Ballmer's pledge to have Windows 7 tablets on store shelves shouldn’t be surprising to Microsoft partners who attended this year's Worldwide Partner Conference. At that event, Ballmer said Microsoft was working with Asus, Dell, Sony, Samsung and Toshiba on Windows 7 powered "slate" devices, and that some of these would be available by year's end.

With tablet PCs, Microsoft's strategy is to cover a range of form factors and sizes, some with keyboards and some without. By positioning Windows 7 tablets as suitable for content creation as well as consumption, Microsoft is showing how it plans to slow the runaway train of iPad momentum.
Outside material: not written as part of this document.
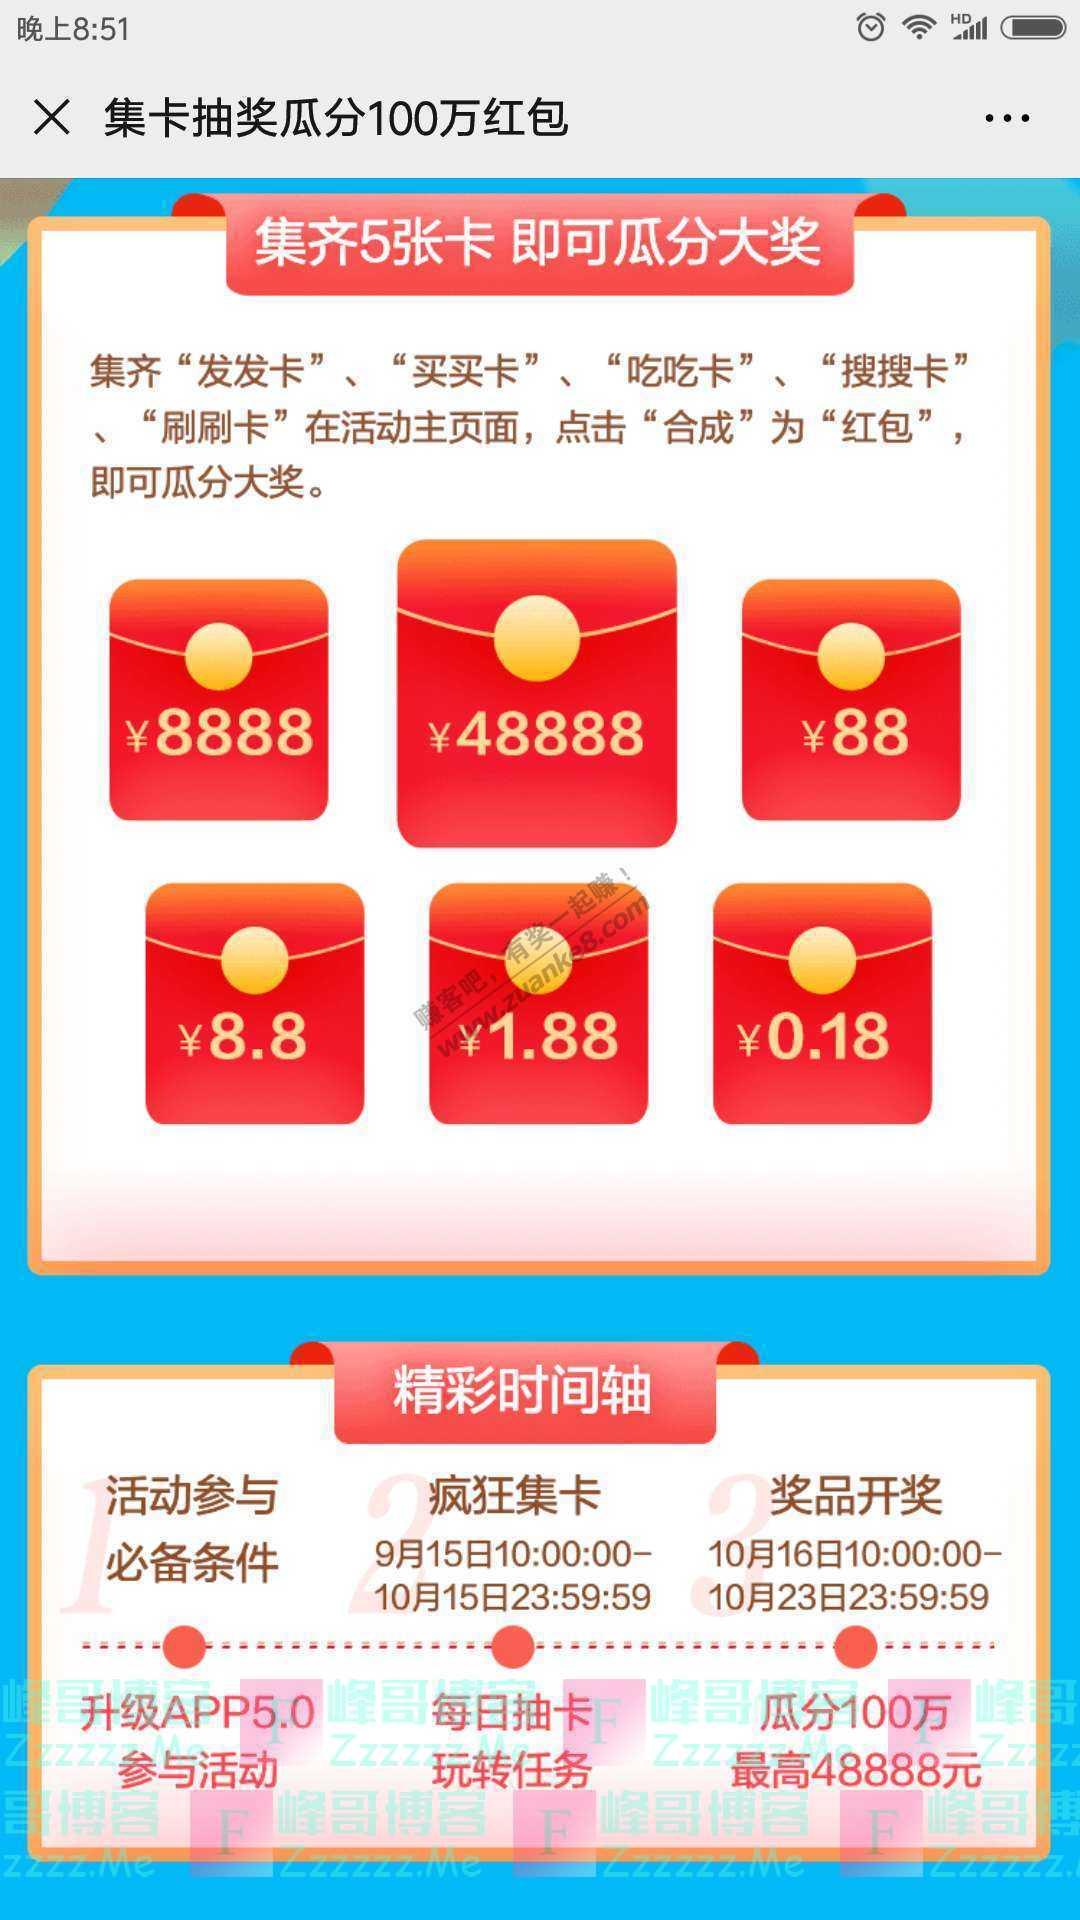 广发xing/用卡发现精彩 5.0,邀您瓜分百万红包(截止10月15日)

Ballmer, who has previously characterized the iPad as just another PC form factor, would love to be able to pigeonhole the iPad as a one-dimensional content consumption device.

"If you really want most of the benefits of what a PC has to offer -- the ability to create and consume, take documents of all types -- a form factor that actually has been tuned for a lot of things over a number of years, we certainly have a superior device," Ballmer said at the London School Of Economics event.